In some ways the most meaningful consequence of my Arts Foundation Fellowship actually came with the nomination. Without going into too much detail, during the winter of 2017 I’d slipped in to a negative spin, my confidence was crushed and I was financially on the edge of collapse. I hadn’t made music, performed or been creative for several months. In the middle of this period the AF nominee brochure arrived in the post. I remember having spoken to Shelley about the difficulty of conveying the breadth of my work in the brochure, but I didn’t anticipate the effect that seeing my work laid out would have on me. To see my projects, my friends and collaborators printed across those pages with such thought and care was truly moving. Seeing my work recognized in this way amongst a selection of peers was powerful and restorative. Before seeing it I’d been seriously contemplating my ability to return to my arts practice, yet the nomination gave me hope to persevere through what was personally a very difficult time.
When I look at the above picture I see a mixture of feelings in my face, obviously there is happiness and pride – but I also think in my eyes there is a genuine look of relief – as if a weight was lifting.

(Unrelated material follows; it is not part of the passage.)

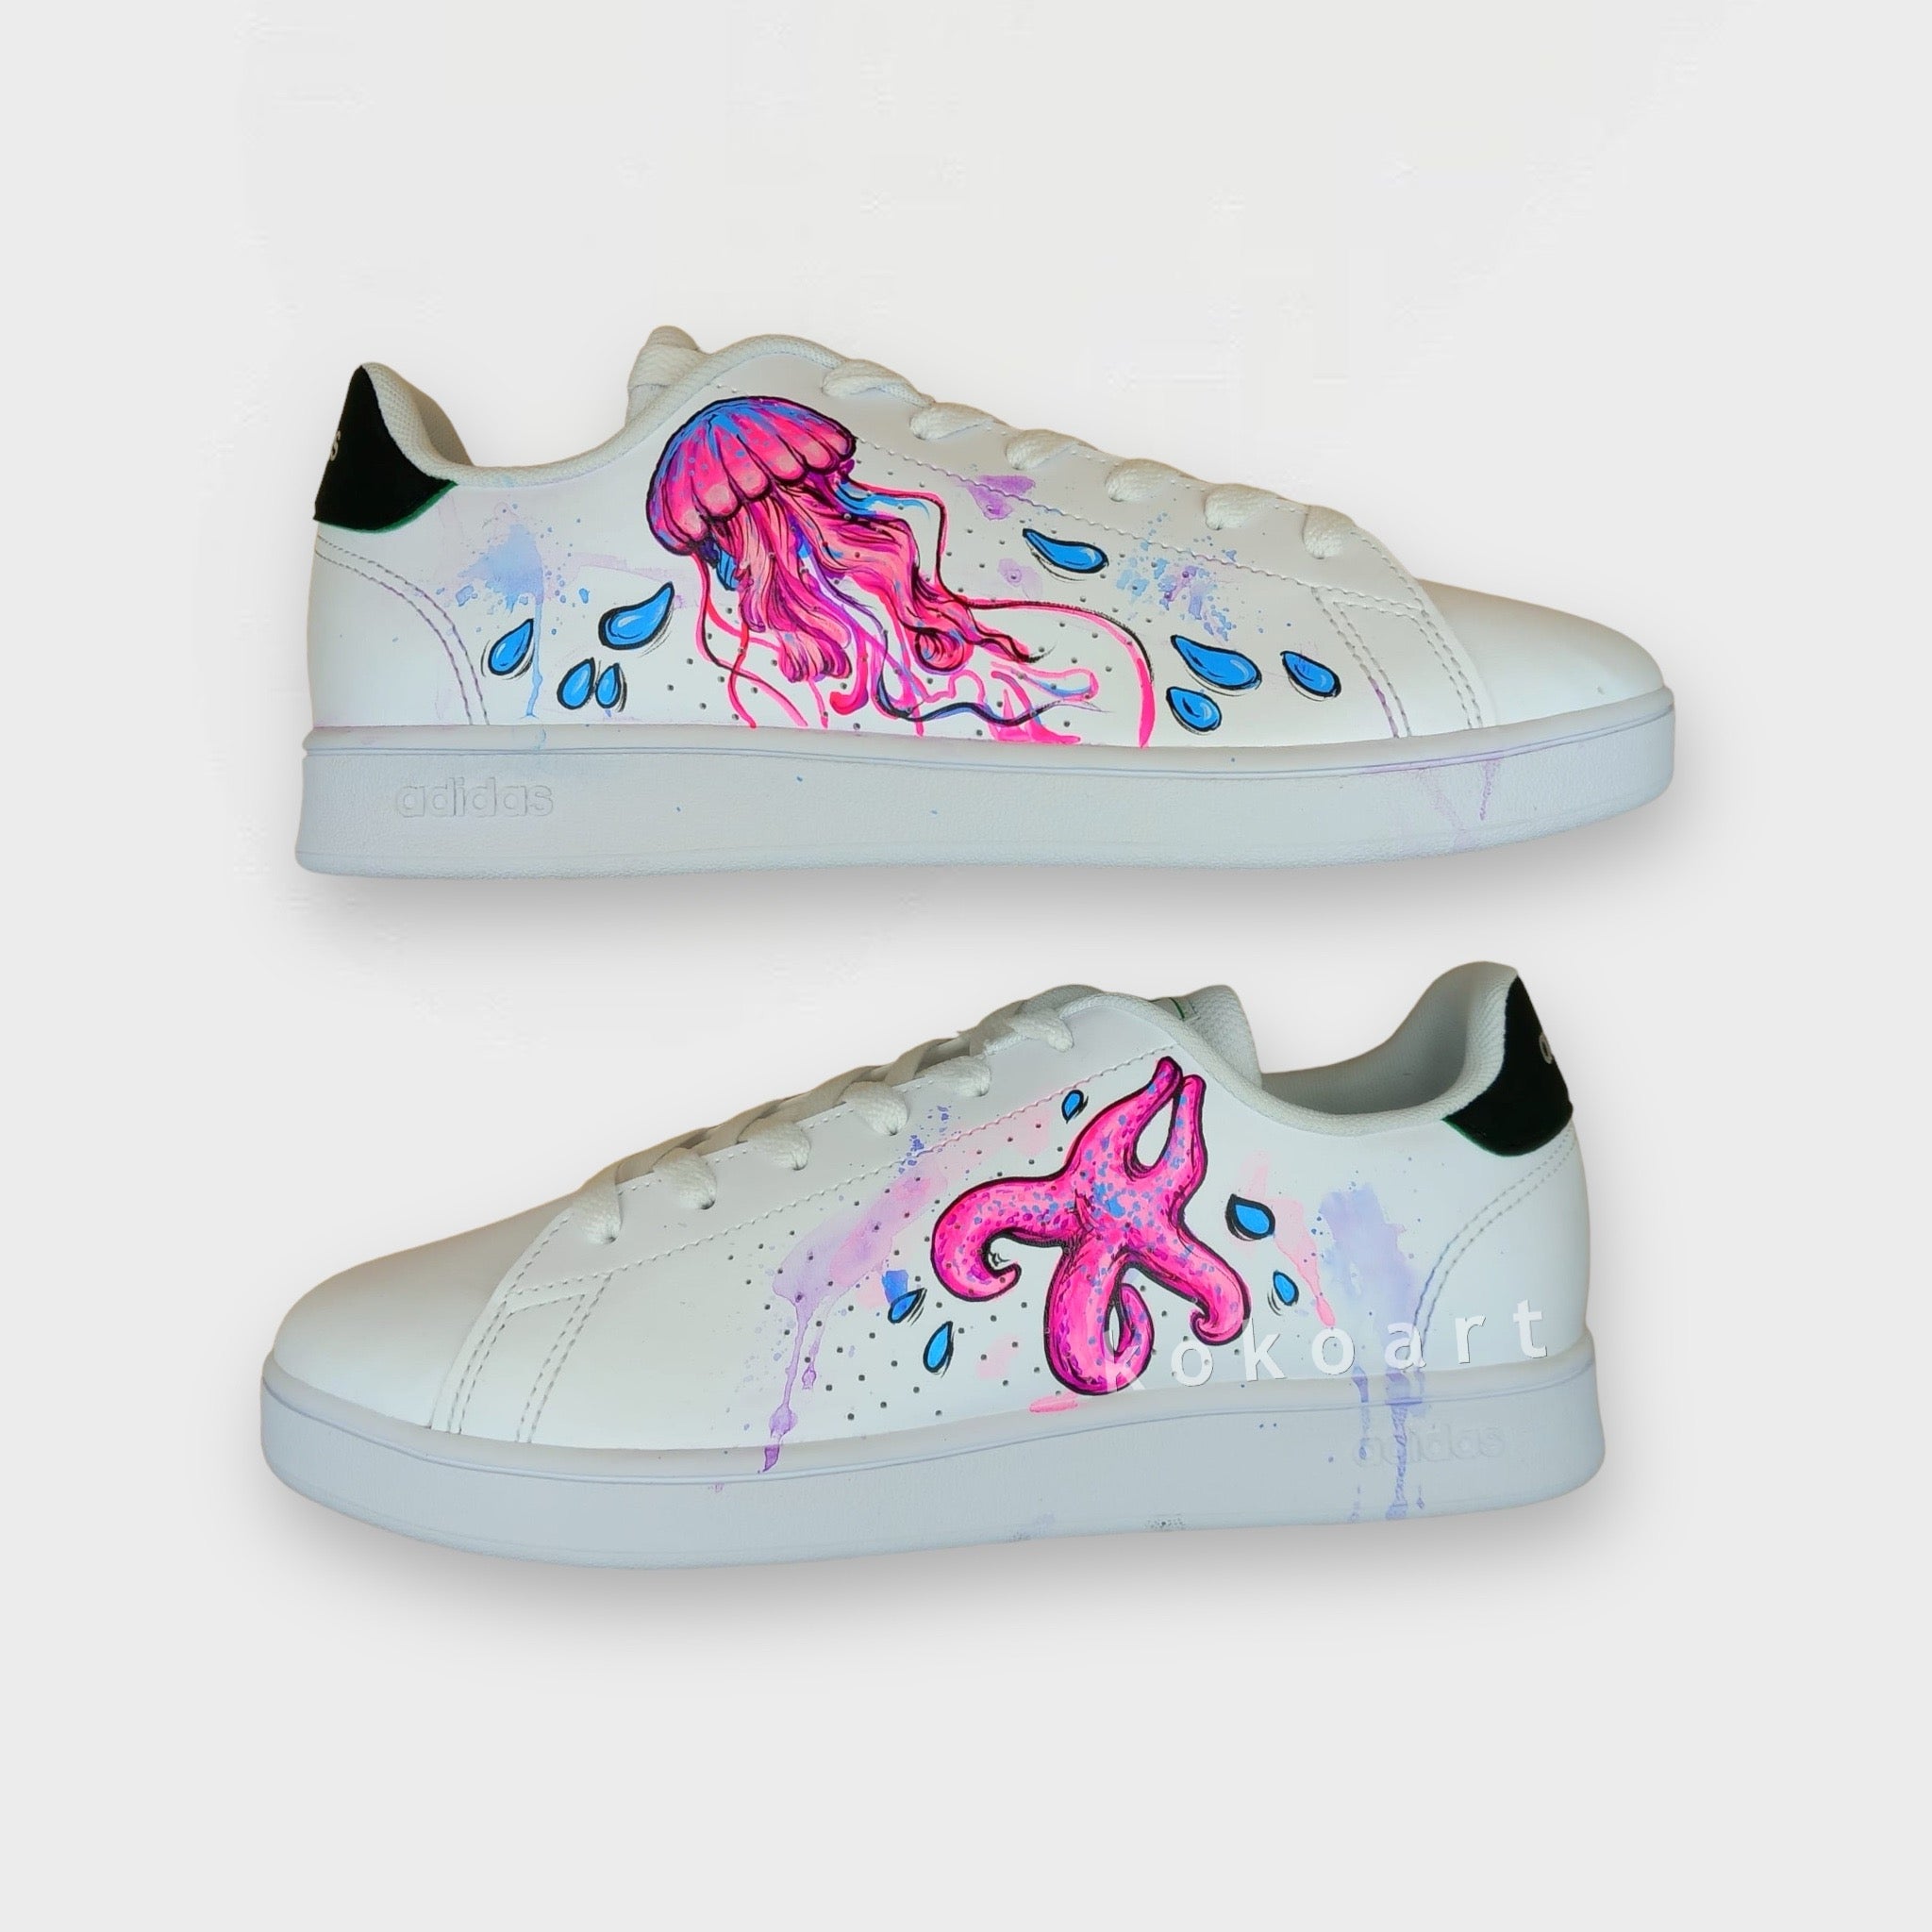 Stan Smith Hand Painted Neon Jelly Fish

Receiving the award marked the beginning-of-the-end of that bad spell, and it cemented feelings of worth in my practice, giving fresh hope for my creative future. In reality a large chunk of the award money went straight into paying off debts, and it couldn’t have come at a better time; had I not got the award I would have had to immediately look for full time job to balance my books. I’ve been slowly replacing that money into my “AF Pot” ever since.
When I applied for the AF my intention was to return to Xingu, Brazil to work with Takumã and the Kuikuro community. As it was, shortly after the award I returned to Xingu on a British Council /PRSF residency. It was on this residency that I began both a friendship and a collaboration with singer Akari Wauja. Working with institutions in Brazil, remote communities and individuals with very different cosmovisions and value systems, takes time and patience. My hope is that these collaborations are long term and can build slowly into meaningful and mutual enriching exchanges. These relationships continue and seem ever more important in the face of the growing threat to Xinguan communities way of life imposed by Brazil’s ultra-right President Bolsonaro. The AF award has allowed me to pursue these collaborations at their own pace – without rushing – a unique position.
With the support of the fellowship I’ve recorded an album of Akari’s traditional songs which will form the basis for our live collaboration. The award money partially funded producer Cam Deas’s mixing and mastering of these recordings to a professional level (CD will be release on Antigen Records in September 2019 and has already received airplay of BBC Radio 3’s Late Junction). Both Akari and Takumã will be able to travel to Europe in October of 2019, as part of events of an emergency forum to be held in Madrid. In addition to this the AF award will enable me to invite Akari to the UK prior to the Madrid visit, this will allow us to further our musical collaboration; paying for flights, accommodation and rehearsal space. We will present our collaboration publicly for the first time in a pre-recorded live session for BBC Radio3’s Late Junction, and then again in Madrid as part of the Forum.